EXERCISE INPUT:
——————

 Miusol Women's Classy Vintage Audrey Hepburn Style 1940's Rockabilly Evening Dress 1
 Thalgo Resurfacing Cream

——————

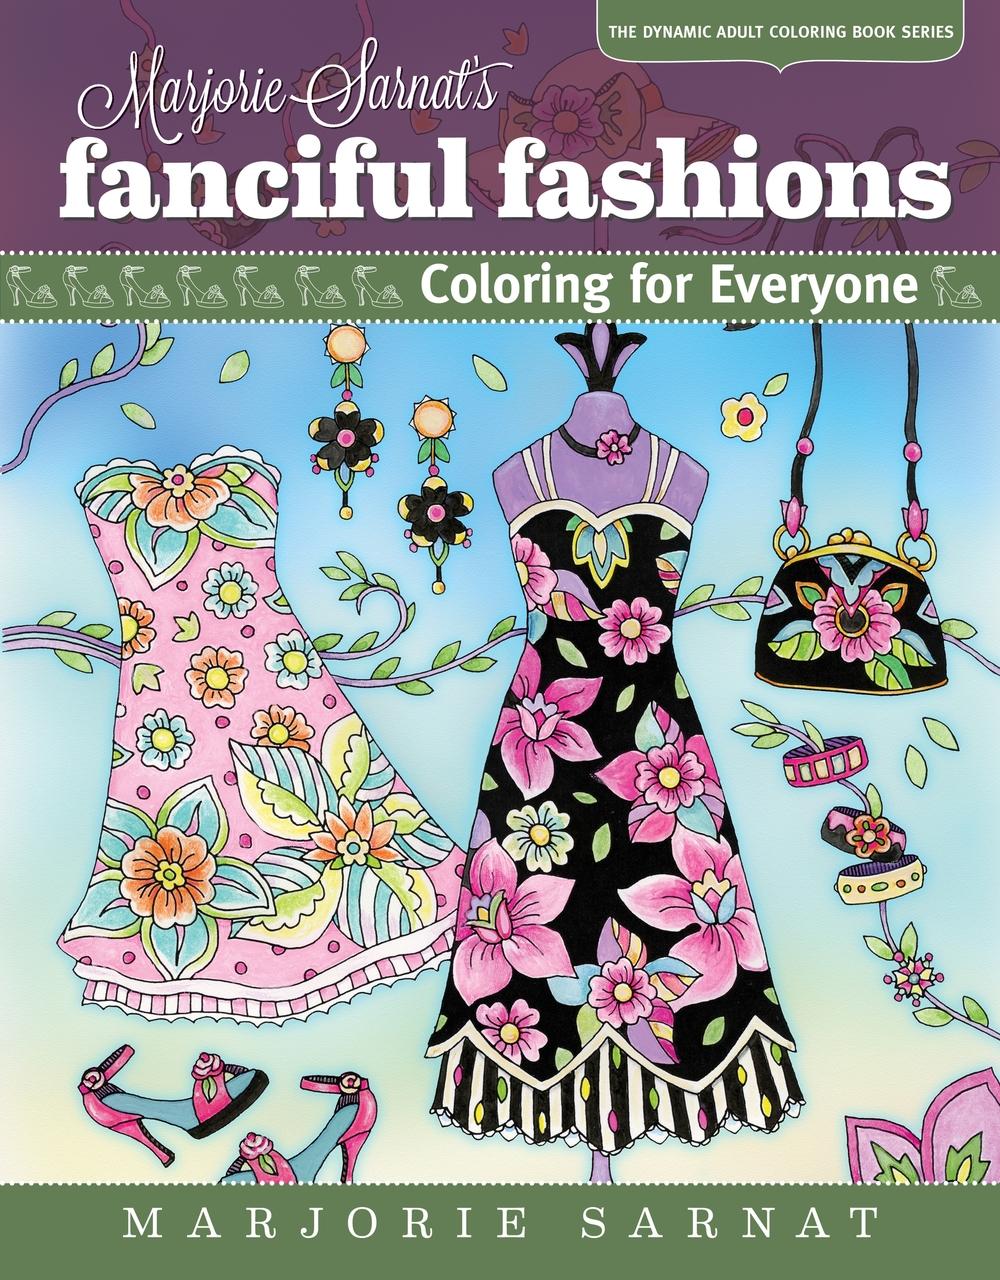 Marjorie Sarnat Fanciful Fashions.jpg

——————

ABOUT THIS EXERCISE:
Of the entries above, repeat exactly the lines between the line with "Miusol Women's Classy" and the line with "Thalgo Resurfacing Cream", inclusive, and no others.

ANSWER FOR THE TASK:
 Miusol Women's Classy Vintage Audrey Hepburn Style 1940's Rockabilly Evening Dress 1
 Thalgo Resurfacing Cream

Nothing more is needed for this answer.